Donald Shephard

Rick pops potato leek soup into the microwave and, out of habit, uses two-minute increments. The timer counts down the seconds for his food and for his life.

Ping. He has email.

Subject: A secret – Ben Chen retirement

From: Sue Hogsbottom

Date: Tuesday, May 06, 2008


Hey Rick,

How the heck are you? Will you come to the Symposium banquet on Thursday, May 29? Ben announced he’ll retire in July. He doesn’t want a party. If we roast him at Symposium banquet, that wouldn’t be a party, right? Can you come to Long Beach and serve as MC. We’ll get a room for you. We can’t think of a better person to host this event. Let me know.


Ping. Rick stirs the soup, returns it to the rotating bed and resets the timer.

A vignette fills his mind. Rick before his retirement in his cube talking to a colleague.

“I have had all kinds of supervisors in my time. They don’t matter to me anymore. I just take care of whatever comes onto my desk. This new supervisor is useless.”

Ben Chen passes the cube. His taught face, eyes dead ahead, tell Rick he has heard it all. Speak of the devil and he shall appear.

Another vignette lights his mental screen. Rick presents at Symposium for the fifth year to great acclaim. The story line, the technical details of three investigations, the graphics, and the humor, especially the final morph of the division chief into Queen Elizabeth II, make him a popular speaker. He joins the agency bosses and their hangers-on at a beach party and tells them he wants to work for them. A girl latches onto him but he ignores her. He keeps his focus on the prize. The division chief says he had someone in mind but that he prefers Rick. The application period closed the previous day. The chief dismisses the problem.

"Get your paperwork in on Monday."

Bingo. He had the job.

Ping. The words, "Your food is ready,"pass across the LCD.

He drinks his soup, eats his sourdough and cheddar. His tea goes into the potato-leek-smelling machine for two minutes.

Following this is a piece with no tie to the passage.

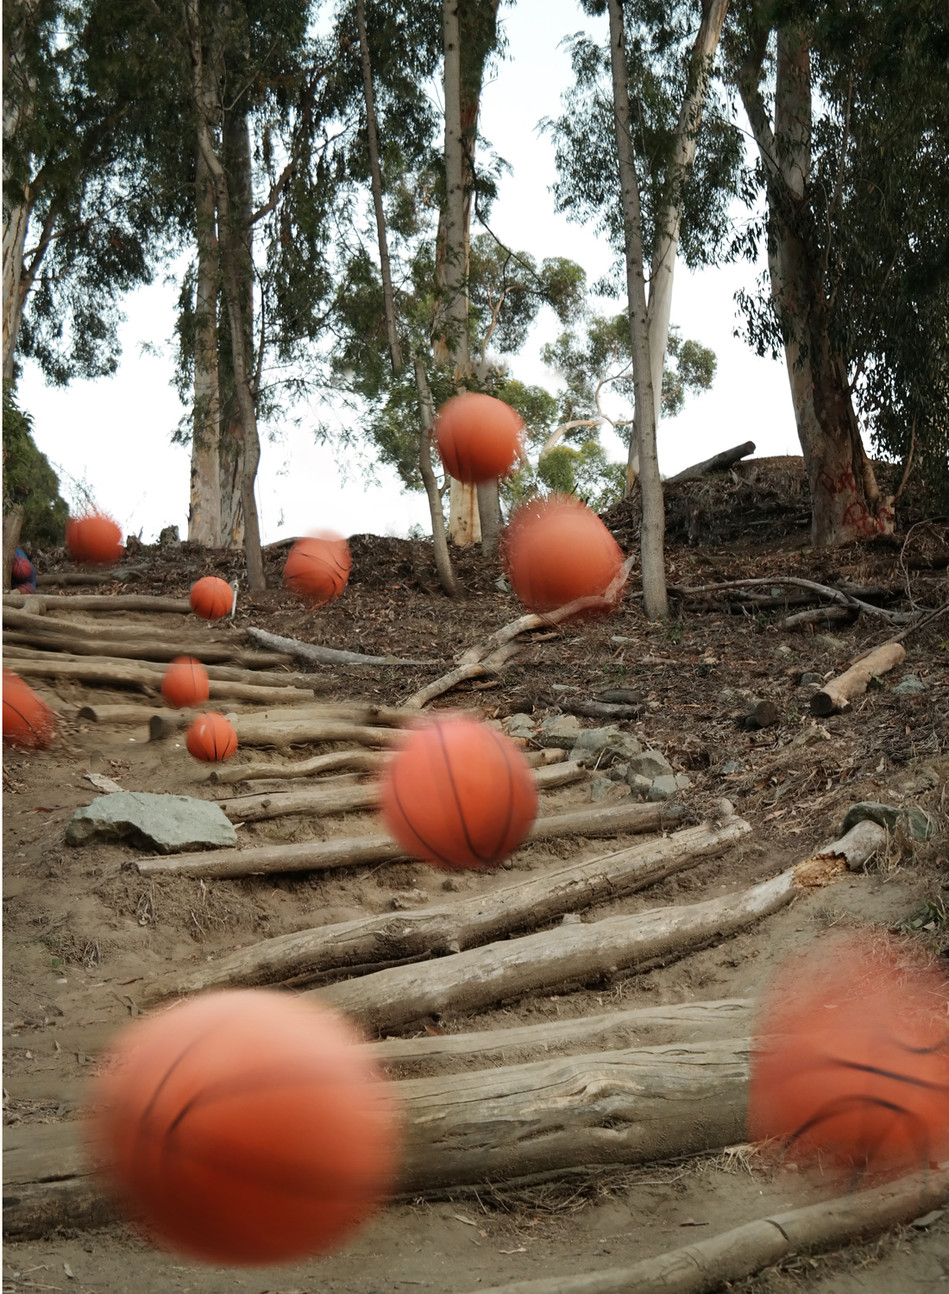 Balls Desending a Staircase

Rick knows he could put on a good roast. Ben Chen, the little man with an Amazon for a manager. She hired him to gain legroom on airplanes. Start with a slow motion pan from her face to her long legs and a diminished Ben below her knees. She looks at the soles of her shoes to see if she has stepped on him. Have one of the cube rats take a picture of him walking the aisles and add an orange cyclists’ pennant. How many Chinese have come into the world since Ben became supervisor? Maybe twenty percent are Chens. Is that a coincidence? Show multiple images of Ben spreading across the world. All of them skeet shooters like him. Deliver him a phony certificate from National Audubon Society for shooting clay not birds.

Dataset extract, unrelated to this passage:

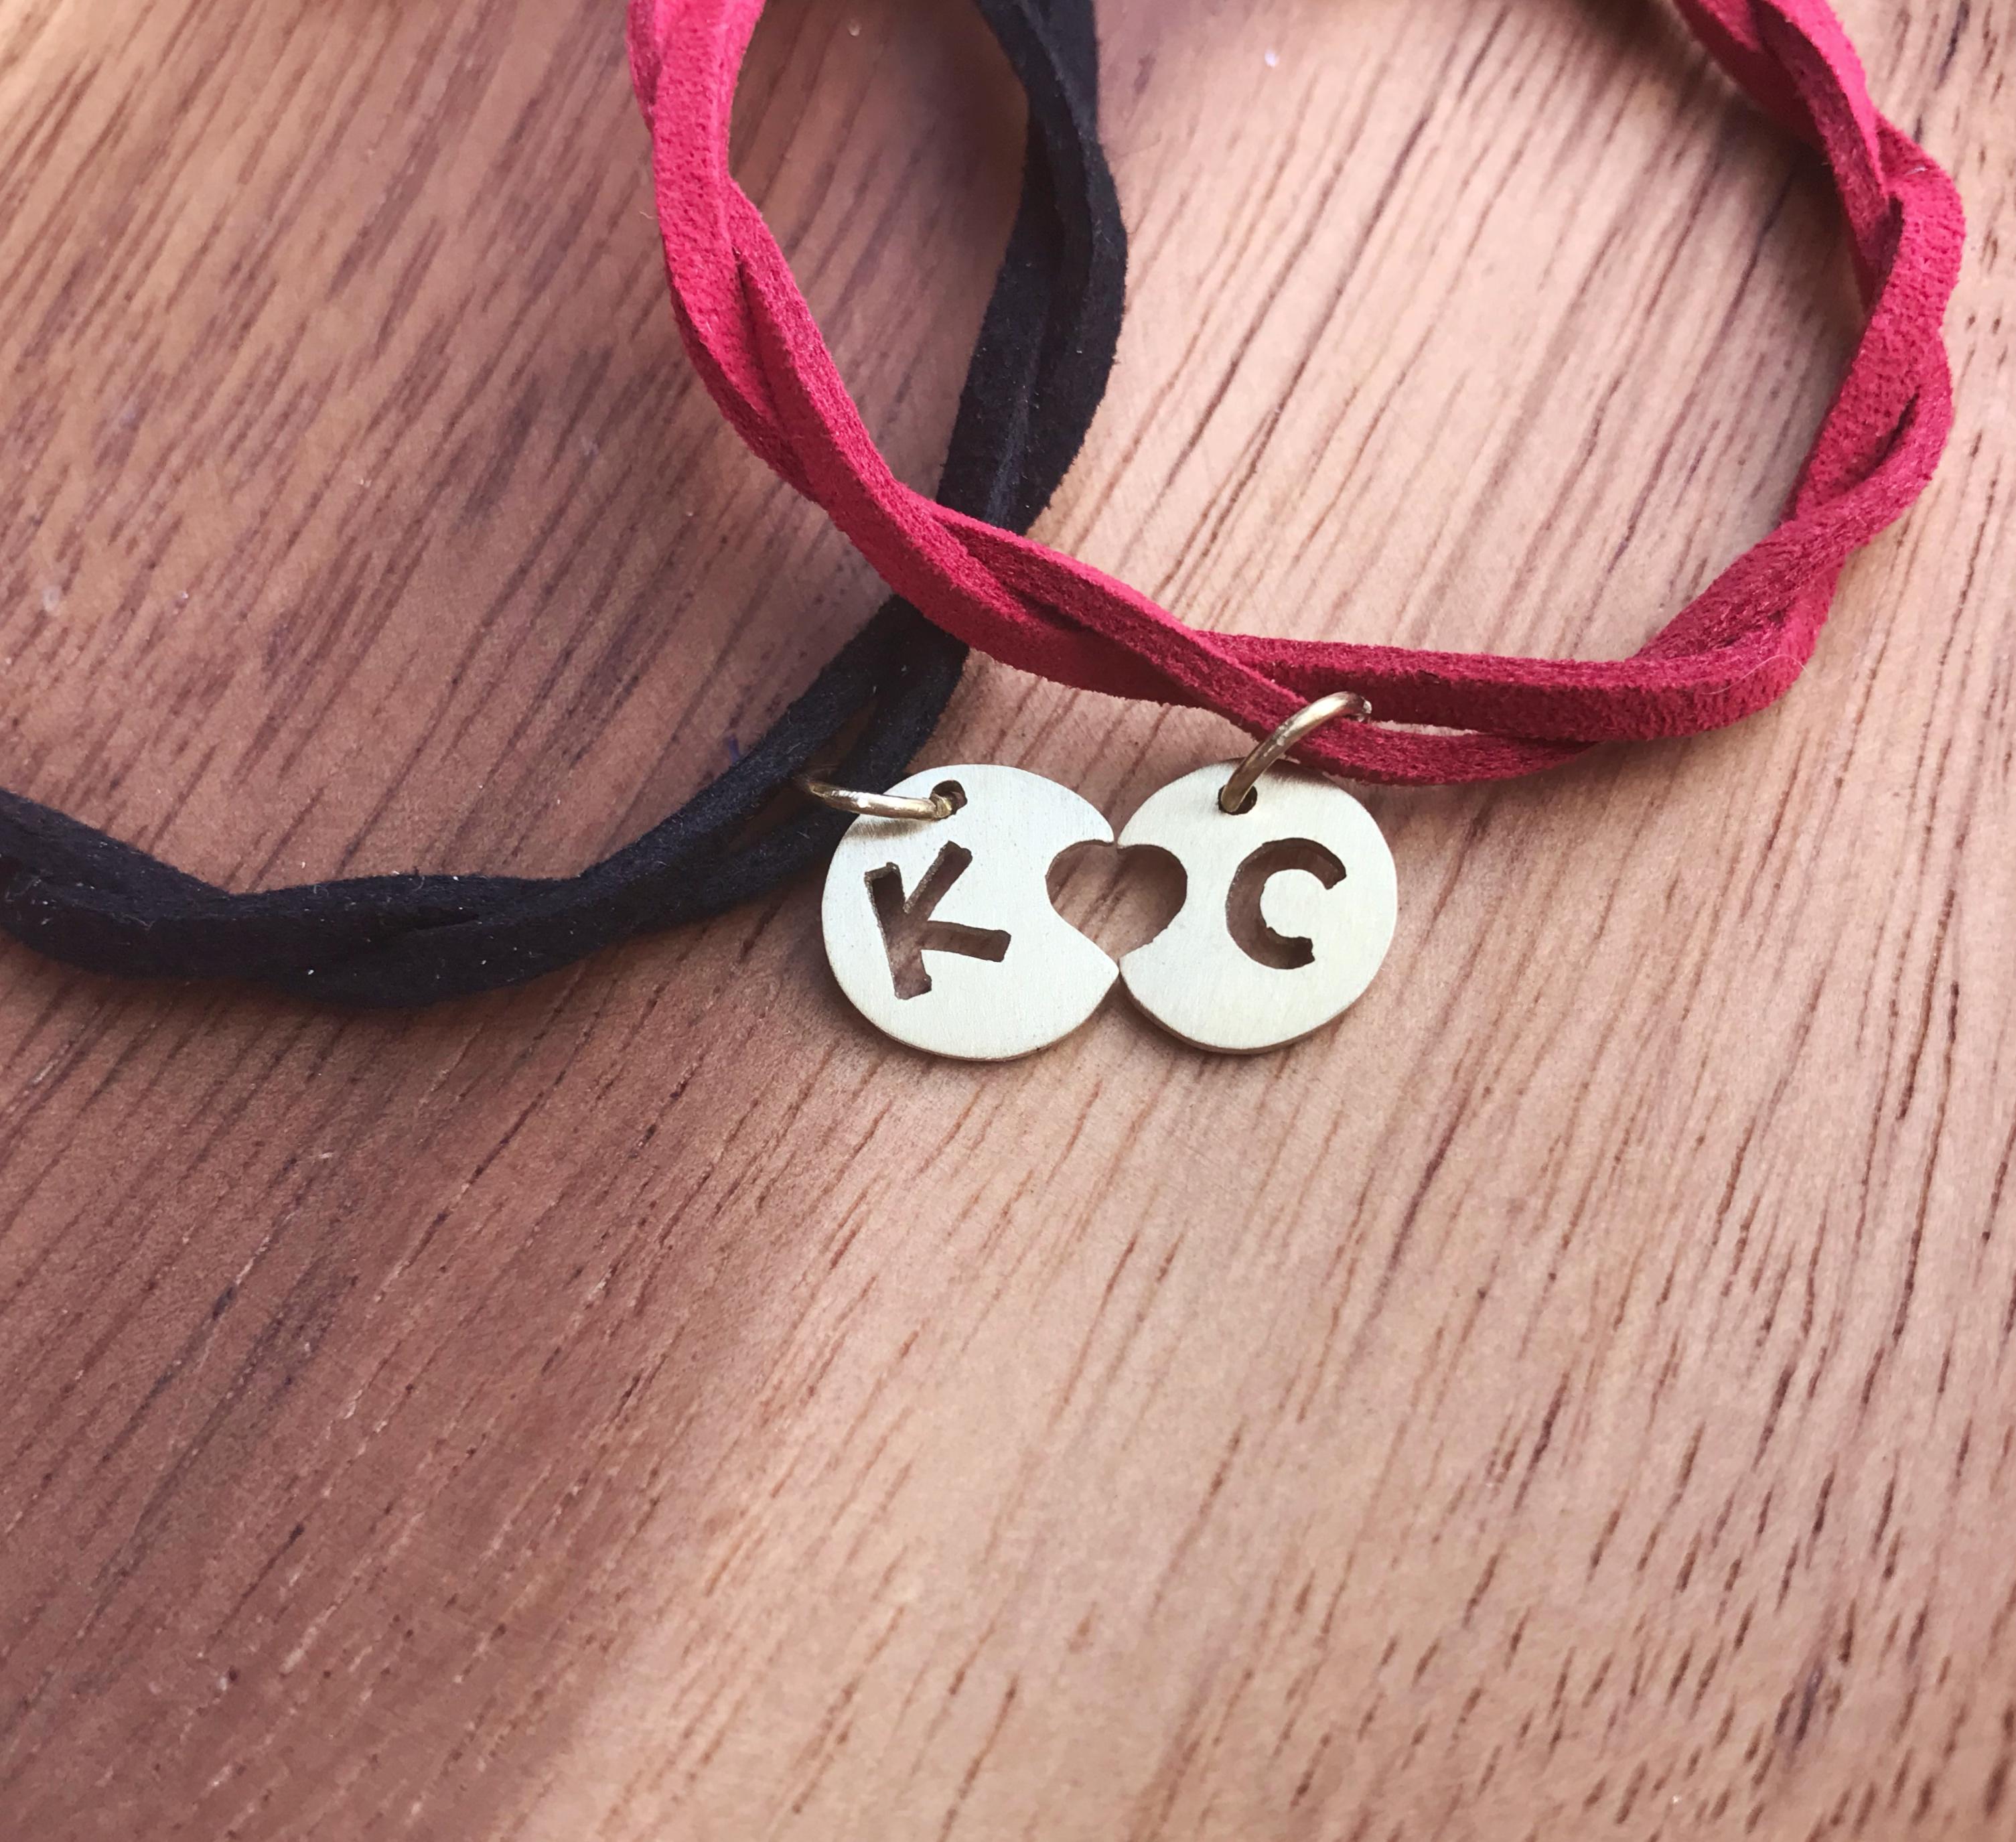 客製情侶手環 - 黃銅吊牌 x 韓國絨

Yes, Rick thinks, he could put on a hell of an entertaining show. Maybe, exit stage left behind a smoke screen to avoid the old bastard.

Ping. Tea is hot. He sits in an easy chair and watches through the picture window as deer enter the wooded area below the knoll. He rehearses his conversation with Sue.


"What’s your name?"

"Sue Hogsbottom."

She would know at once, who teased her.

"Rick! How nice to hear you. Will you do it?"

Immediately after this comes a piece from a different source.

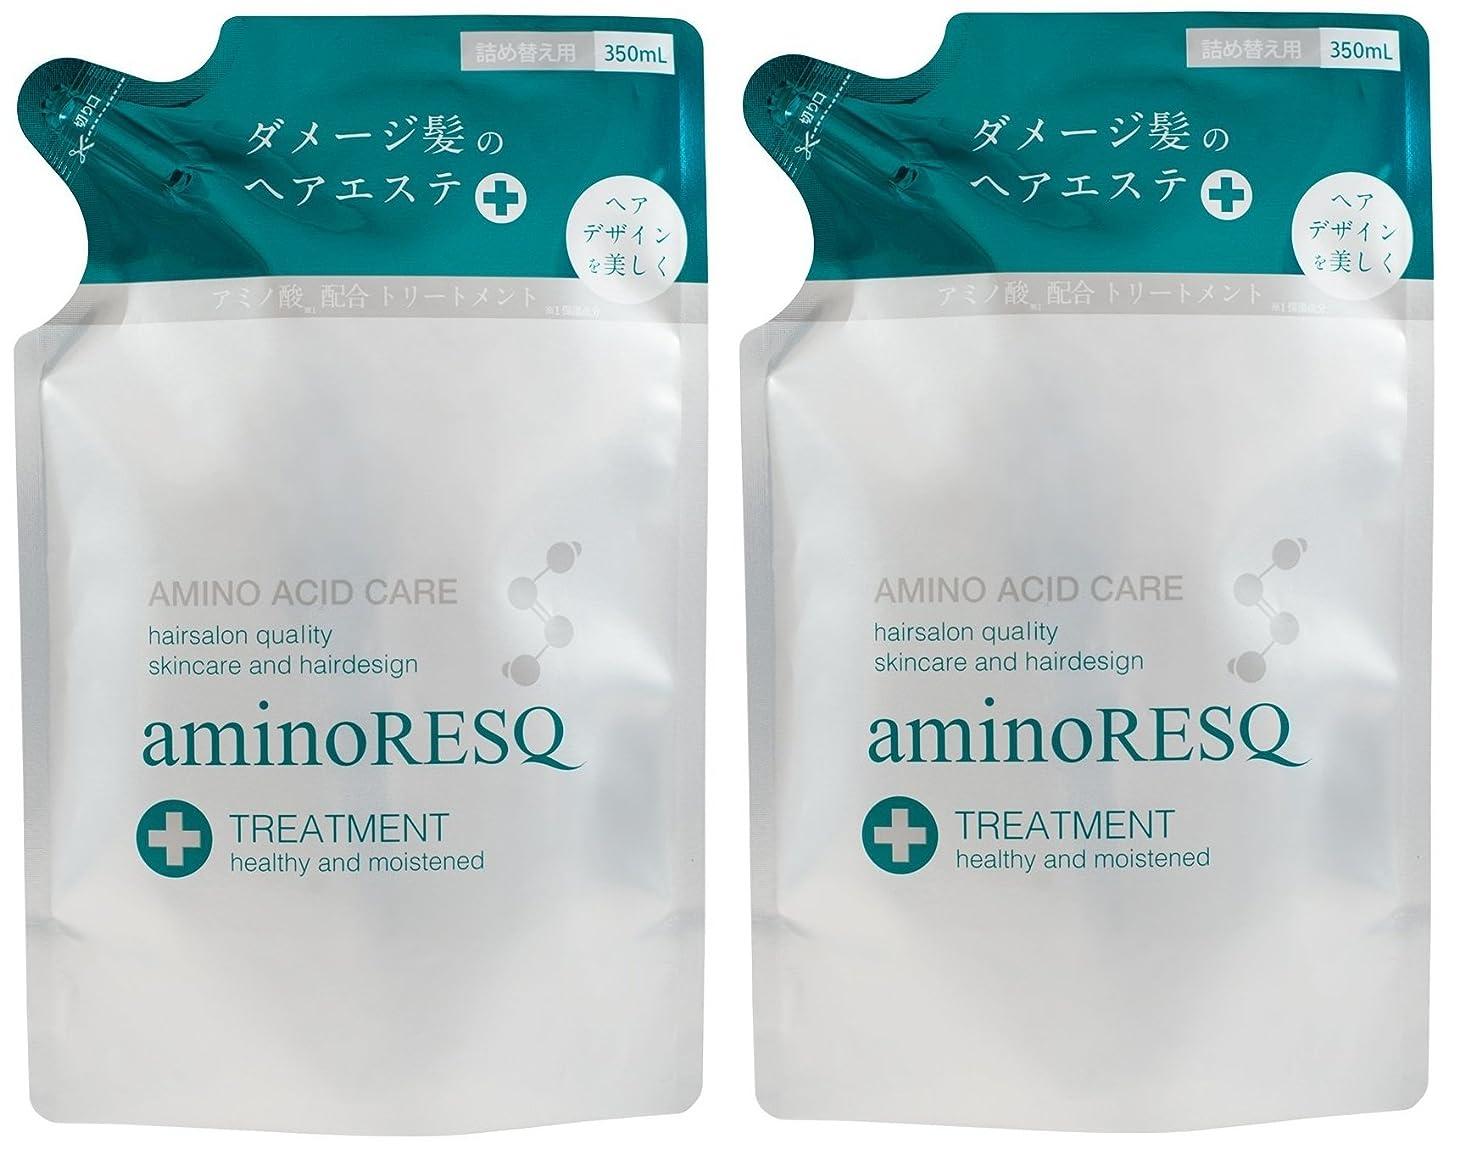 不要たまにどちらも【2個セット】aminoRESQ アミノレスキュー トリートメント詰替

The imaginary conversation ends there. He could not tell her that mutual dislike made it an impossible assignment. You only roast people you respect. He checks his calendar hoping for a conflict and finds none.

Work in the garden consumes his afternoon but not his thoughts. An osprey circles above him with a fish in its talons, calls its mate that food approaches, and mews like the incessant ping of a microwave. Rick hears and does not hear. The creative process of developing a witty presentation motors on in high gear. Applause rings in his ears on his return for one last stand-up routine and smiles again surround him. He grins at himself; vanity, vanity, all is vanity. It would be fun to crank out another pizzazz show but twelve hours driving each way for a night in a Long Beach hotel with old colleagues both admired and disliked; no thank you, Sue.

He takes his camera to the woods beside the stream snaps deer in the dappled light cast through the tan oaks and wax myrtles in the late afternoon.

A doe faces him wary but unmoved.


Last year's runt high-steps away.


The doe stares at him with apparent disinterest while another grooms her cheek, their bellies swollen with fawns.


The six deer move to the meadow.

Rick climbs the knoll, sucking in the clean sea air, enters his house and puts tea in the microwave for two minutes. He puffs his way up the stairs to his computer and selects the photo with the best composition of trees, deer and light. He uses Photoshop to add a message to Sue.

"My friends and I are happiest where we are, thank you."

He emails the photo.



He hears the hum of the microwave end, walks to the head of the stairs, and falls.


Rick reads the LCD in his head. Your heart has stopped.